It is now decades later, and I ask what has done more to address the problem of reverence in the liturgy: the reform of the reform, or the wider celebration of the traditional Mass and the growth of traditional Catholic societies? Some would say this wider celebration is itself part of the reform of the reform. I concede that for many this is part of the strategy. But I maintain that the Mass itself, the Extraordinary Form itself, is the catalyst for whatever resurgence is slowly but steadily taking place. Three years of the motu proprio have done more than forty years of trying to defend the Maginot Line within the new liturgy, or spackling the more obvious cracks from without.

All of which leads me by a very long route (as usual) to my point. It is time to celebrate the return of the classical forms of Mass and the other sacraments. It is time to celebrate what makes us Catholic. As I said in an earlier post, why should the celebration of the Extraordinary Form of the Roman Rite be a matter that seems so embarrassing that it must be hushed up, as though one saw their grandfather going to a nightclub? Why do faithful Catholics have to tip-toe around modernism and its adherents, whether they are in parishes or rectories?

Even in the Archdiocese of Saint Louis, considered one of the most vibrantly orthodox Archdioceses in the world and a leader in liturgical restoration, there is still great reticence by priests and faithful to take up the standard in a public way. It is thought best to continue to keep this restoration low-key, to avoid sticking our necks out for fear of offending some, or of having our necks cut off. Perhaps it is the province of a blogger to lack patience, but I ask you–Why should this be?

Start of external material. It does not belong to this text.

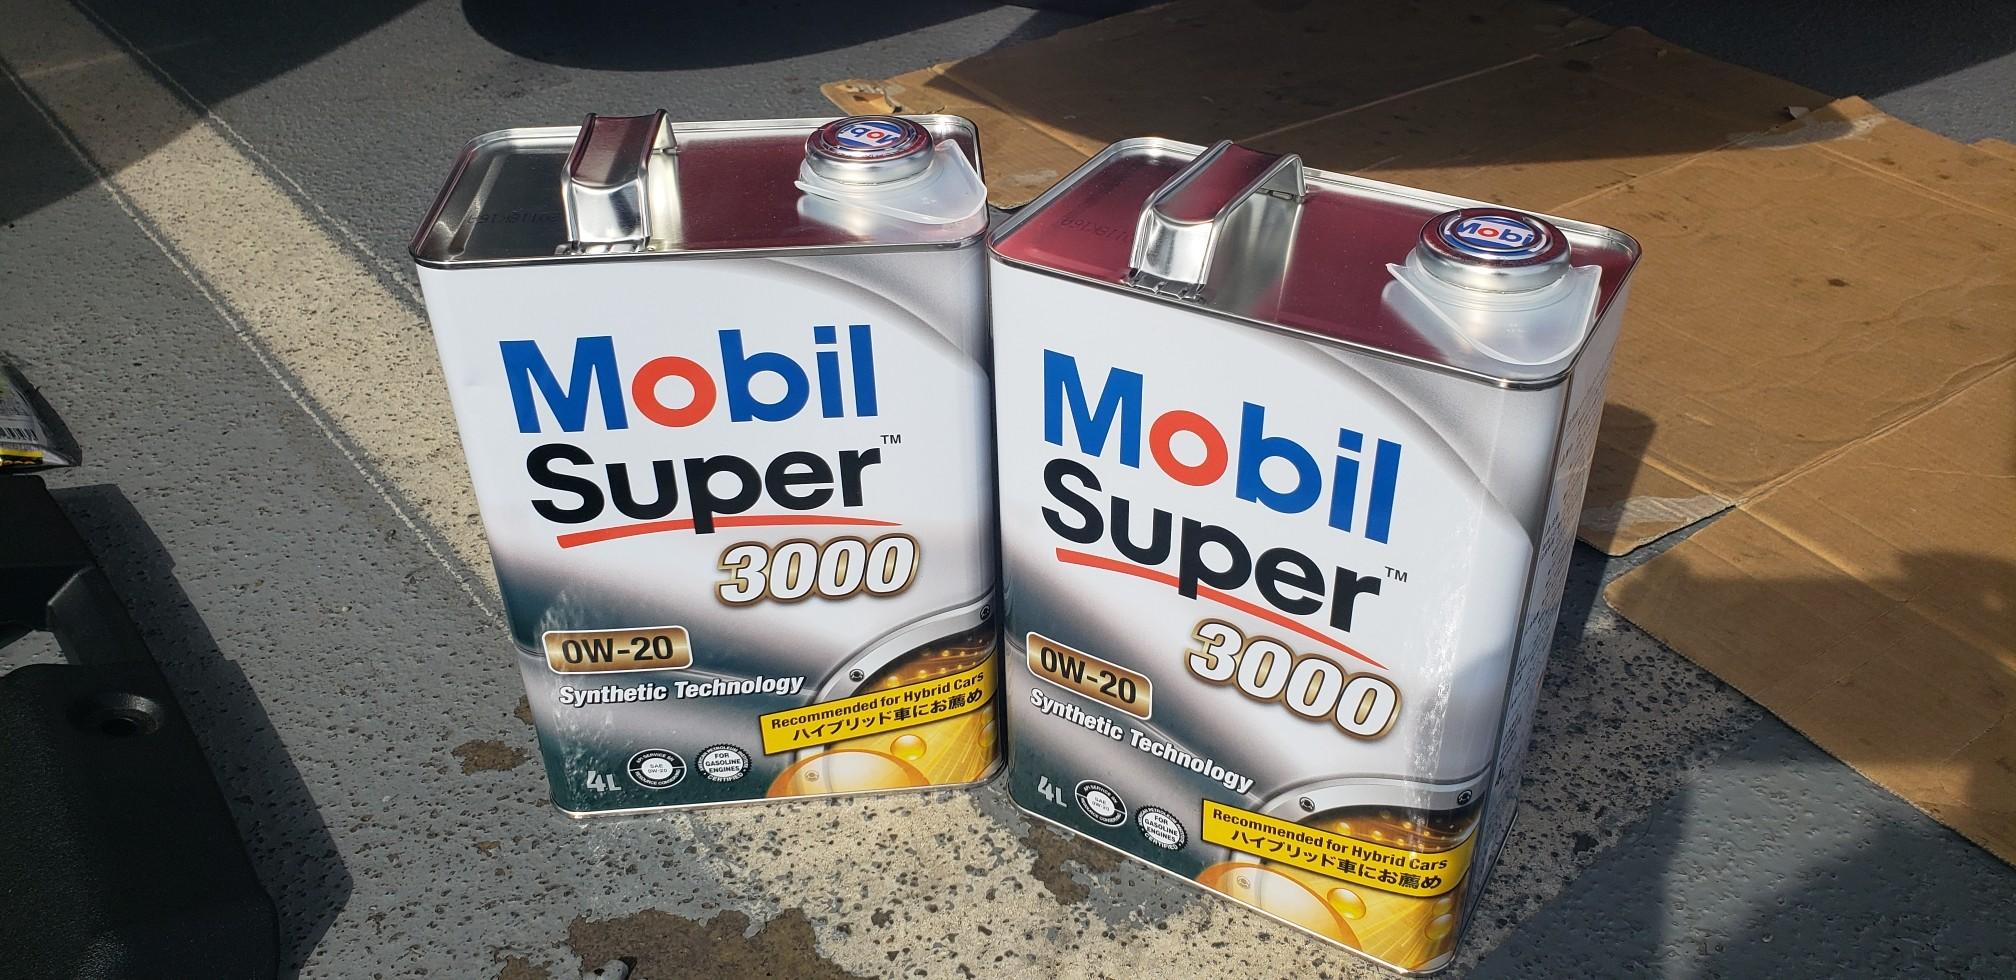 Mobil Mobil Super 3000 0W-20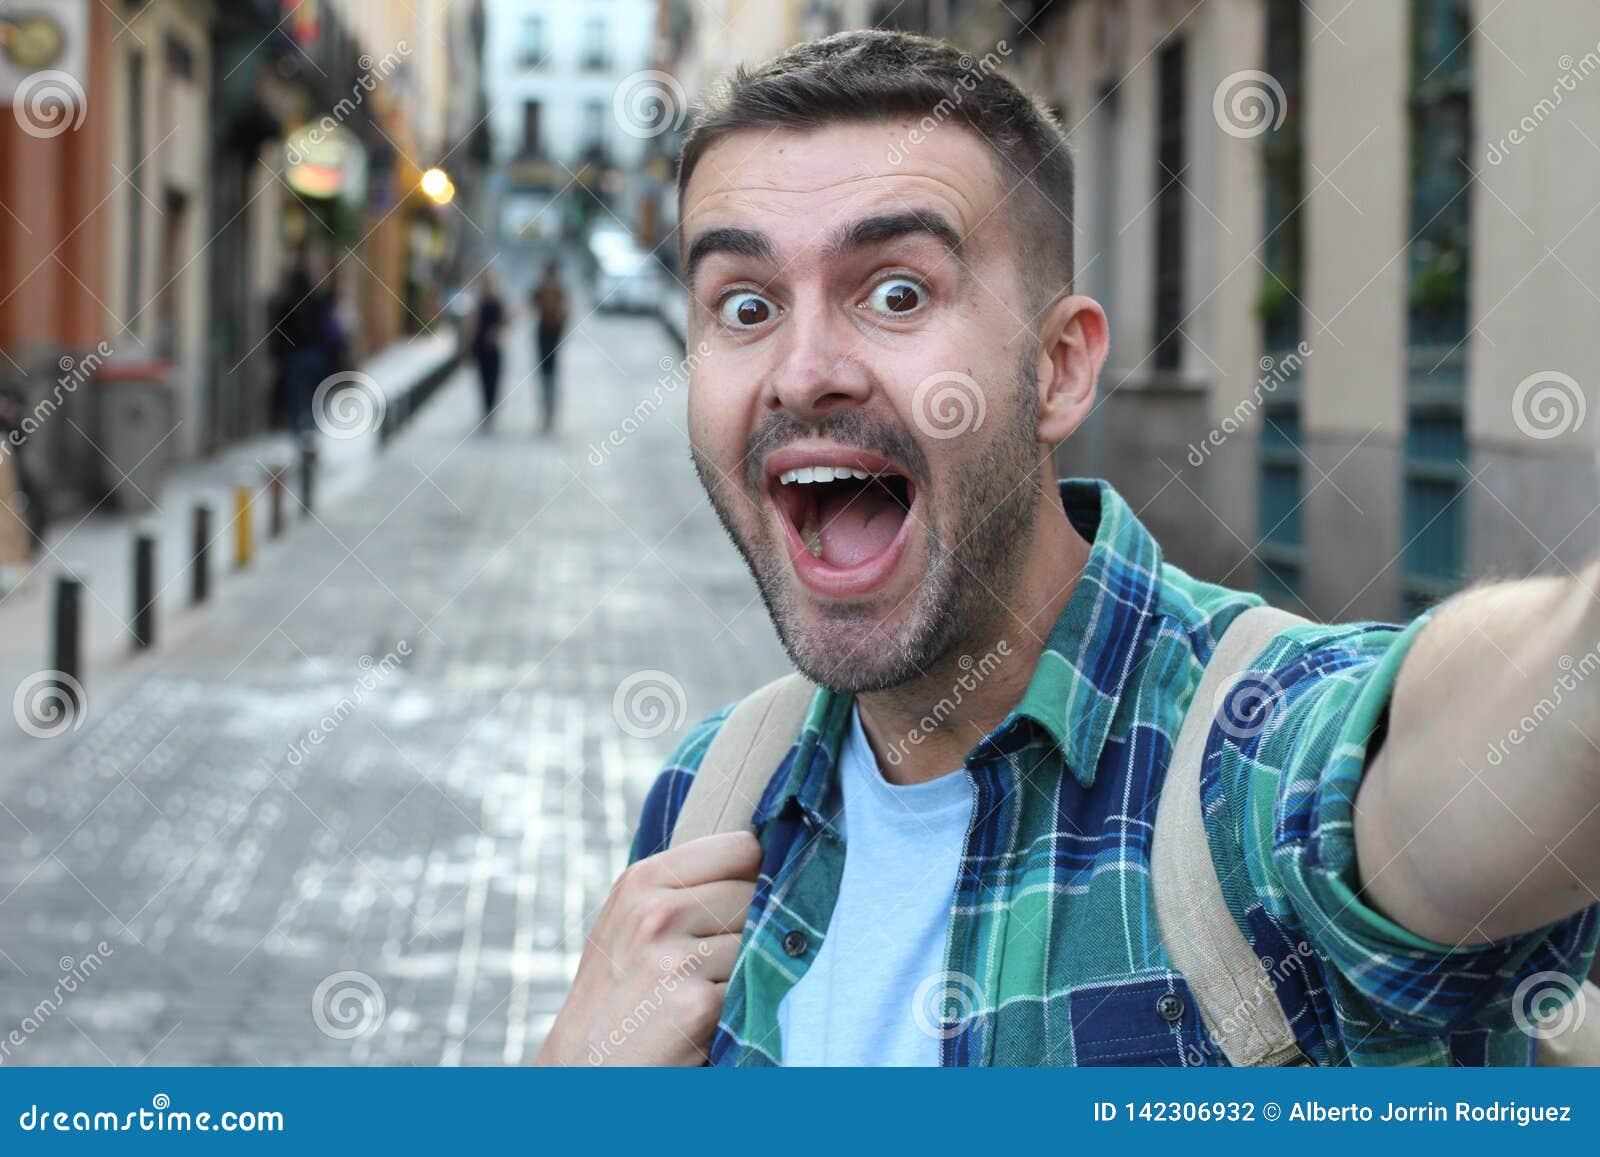 Surprised ecstatic man taking a selfie

I think it might be uplifting to many of beleaguered faithful who attend parishes throughout the Archdiocese– who have suffered through years of “Table of Plenty” and “Gather Us In”, liturgical committee politics, inclusive language, rubrical abuses and questionable homilies– that many more priests are now being trained in the Extraordinary Form, have an affinity for beauty and reverence in the liturgy, and have sound theological formation. More and more priests are regularly celebrating the classical Roman Rite as part of their priesthood.

These priests are bringing this approach to the life of the typical parish setting; they are bringing beauty and reverence to both Forms of the Mass, they are preaching from the pulpit in such a way that parents don’t have to be on high alert to explain to their children after Mass “what Father really meant to say” in order not to scandalize them. They are the first signs of that New Springtime we have been promised. Can we not celebrate this?

Or should we just pretend that the Extraordinary Form is for those crackpots who are (to paraphrase someone famous) bitter, clinging to their [Mass] and religion?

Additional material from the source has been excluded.